Wśród zalet prac domowych wymienię: możliwość utrwalania przerabianego w szkole materiału, szczególnie przed sprawdzianami i egzaminami; pogłębianie wiedzy poprzez dostęp do dodatkowych źródeł, biblioteki oraz internetu; możliwość pracy we własnym tempie i przygotowania się do kolejnych lekcji; rozwijanie umiejętności zarządzania czasem, samodyscypliny i samodzielności. W szkołach średnich i wyższych edukacja jest bardziej samodzielna, więc regularne prace domowe przygotowują dzieci do tego rodzaju nauki, a samodzielne wyszukiwanie informacji i rozwiązywanie problemów to ważne kompetencje życiowe. Zakaz zadawania prac domowych mógłby dać uczniom więcej czasu na odpoczynek, rozwijanie pasji i spędzanie czasu z rodziną.

Negatywy:

Prace domowe mogą prowadzić do stresu, stanów lękowych, przemęczenia. Mogą ograniczać czas na hobby, sport, odpoczynek i spędzanie czasu z najbliższymi. Nie wszyscy uczniowie mają równy dostęp do internetu, książek lub wsparcia rodzicielskiego. Prace domowe stresują w szczególności tych uczniów, którzy mają problemy w nauce. Zwykle nie są oni w stanie poradzić sobie samodzielnie z zadaniami domowymi i częściej otrzymują oceny niedostateczne. Prace domowe zachęcają do oszukiwania – odpisywania od kolegów lub ściągania odpowiedzi z internetu.
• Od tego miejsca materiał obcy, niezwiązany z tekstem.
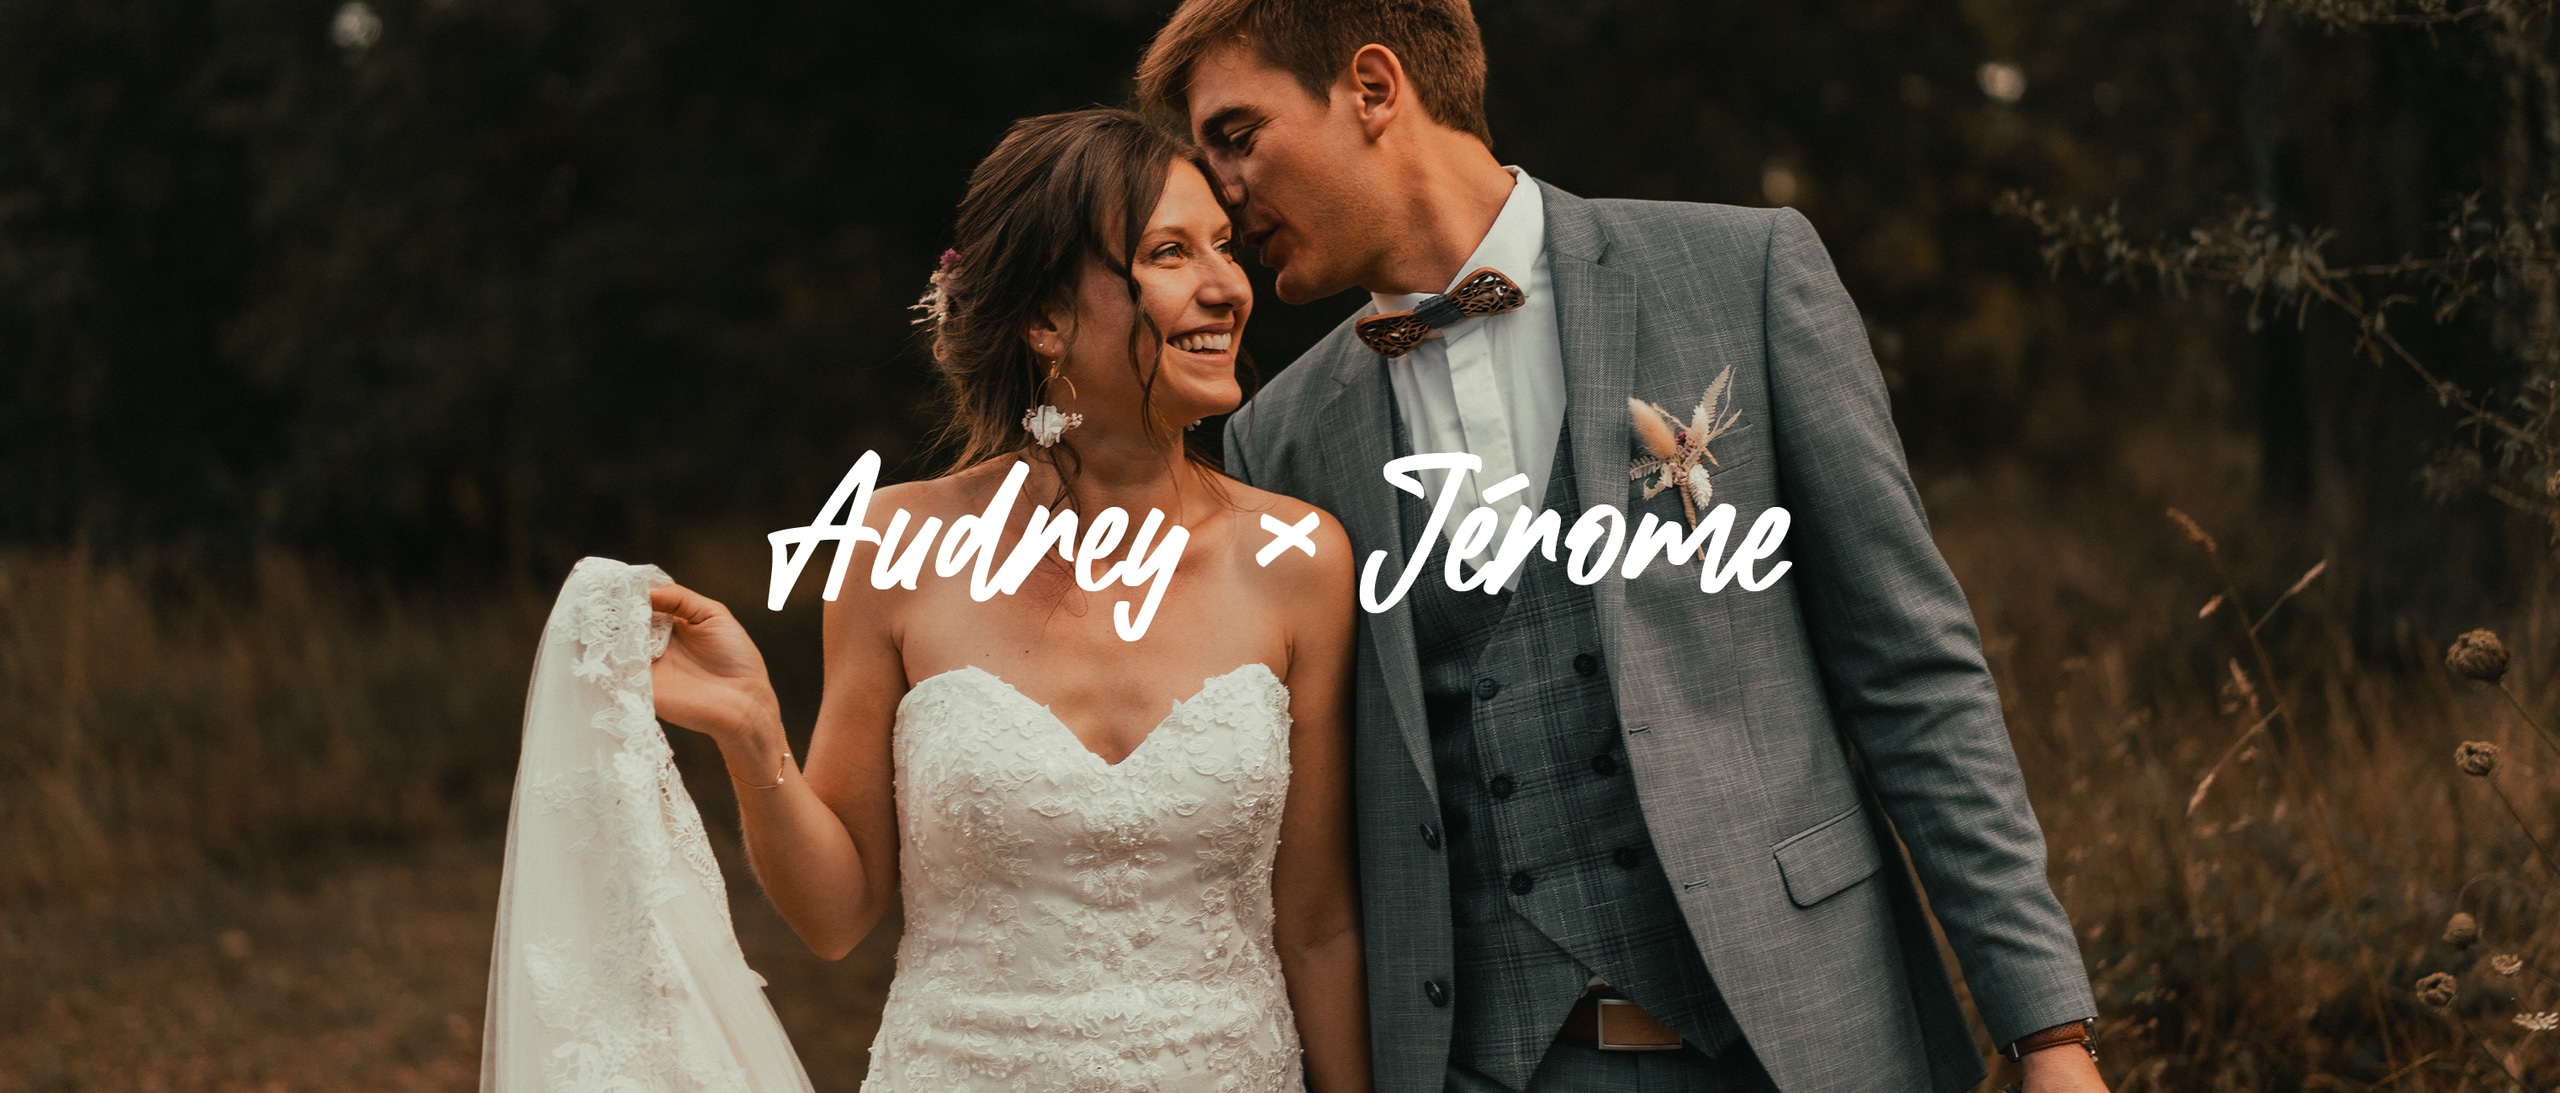 audrey-jerome_mariage_preview_02

Nie miejmy złudzeń. Prace domowe nie znikną z polskich szkół z dnia na dzień. Myślę, iż tę rewolucję należałoby zacząć od odchudzenia podstaw programowych. Jeżeli nauczyciel będzie miał więcej czasu na lekcji, nie będzie „gonił” z programem to i zadania domowe mogą z czasem naturalnie zniknąć. W końcu też nauczyciele przestaną oceniać sztuczną inteligencję, bądź prace praktyczne mamy i taty. Odejdzie też sprawdzanie prac domowych, które wymaga czasu i energii.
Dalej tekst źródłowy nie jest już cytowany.